After I Don’t Want To Be A Spice Store

by Christian Wiman

            I don’t want to be a casino.

            I don’t want my rooms filled with slot machines

            and black jack tables.

            I don’t want to seduce grannies 

            to gamble away the grocery money

            or to have my carpets reek of Lucky Strikes.

            Casinos open too early and close 

            too late.

            I want to be a bookshop where children find Magic Treehouses

            and Pippi Longstocking, where their mothers

            can sit and rest.

            I want shelves crammed with books arranged 

            alphabetically by authors’ last names

            or by topics like sorcery, history, 

            or art.

            I hope to lure browsers with little white cards

            naming ‘staff picks’ in neat print

            or loopy script;

            to welcome readers with deep armchairs

            and the smell of coffee. Maybe a cat

            will sleep in the window.

            Let me be a place where your biggest risk

            will be rolling the dice

            on a writer you’ve never read –

            maybe Frederik Backman, 

            J. R. R. Tolkien, or Anne Lamott.

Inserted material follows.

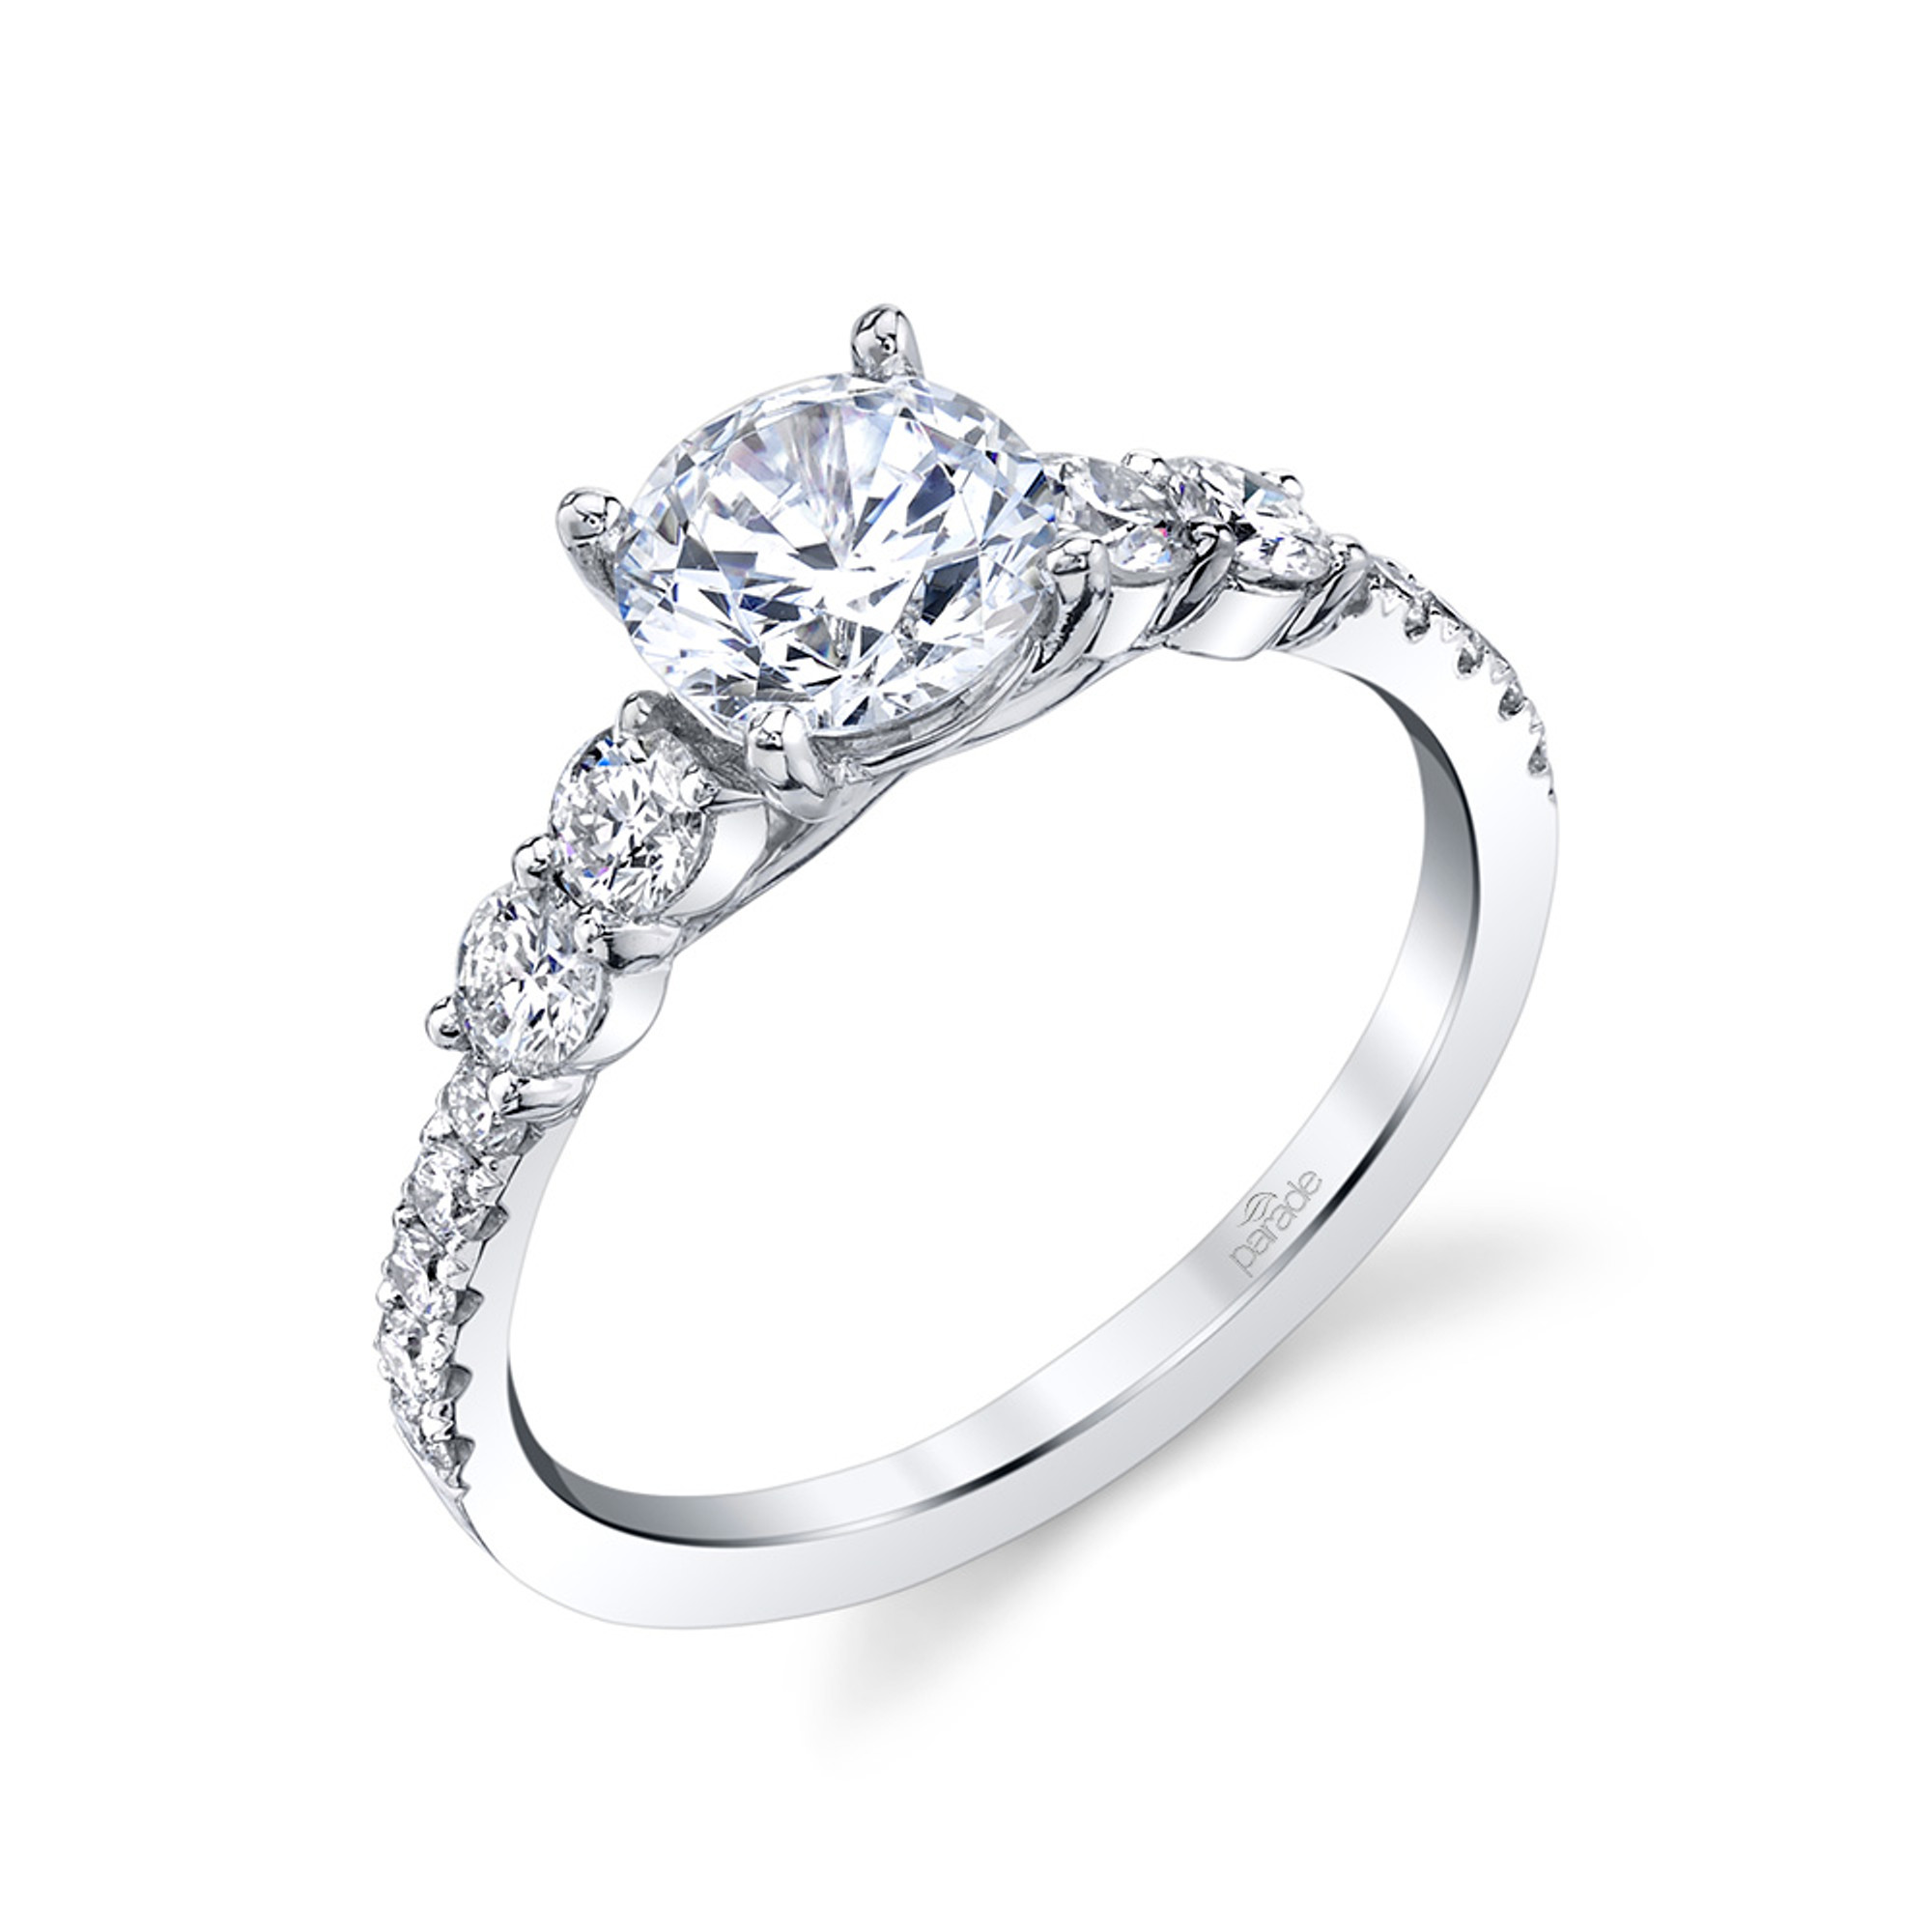 18kt White Gold and Diamond Engagement Ring by Parade

            To up the ante.

            To ante up.

Behind the poem...

This poem was inspired by Christian Wiman’s poem, I Don’t Want To Be A Spice Store. Although not a gambler, I have twice visited Las Vegas, and both times found the artificiality of the place jarring. More disconcerting still is how it’s impossible to walk through the airport, any hotel lobby or restaurant without entering a casino. Whereas, by way of contrast, I’m always happy to step inside the welcoming atmosphere of a bookshop.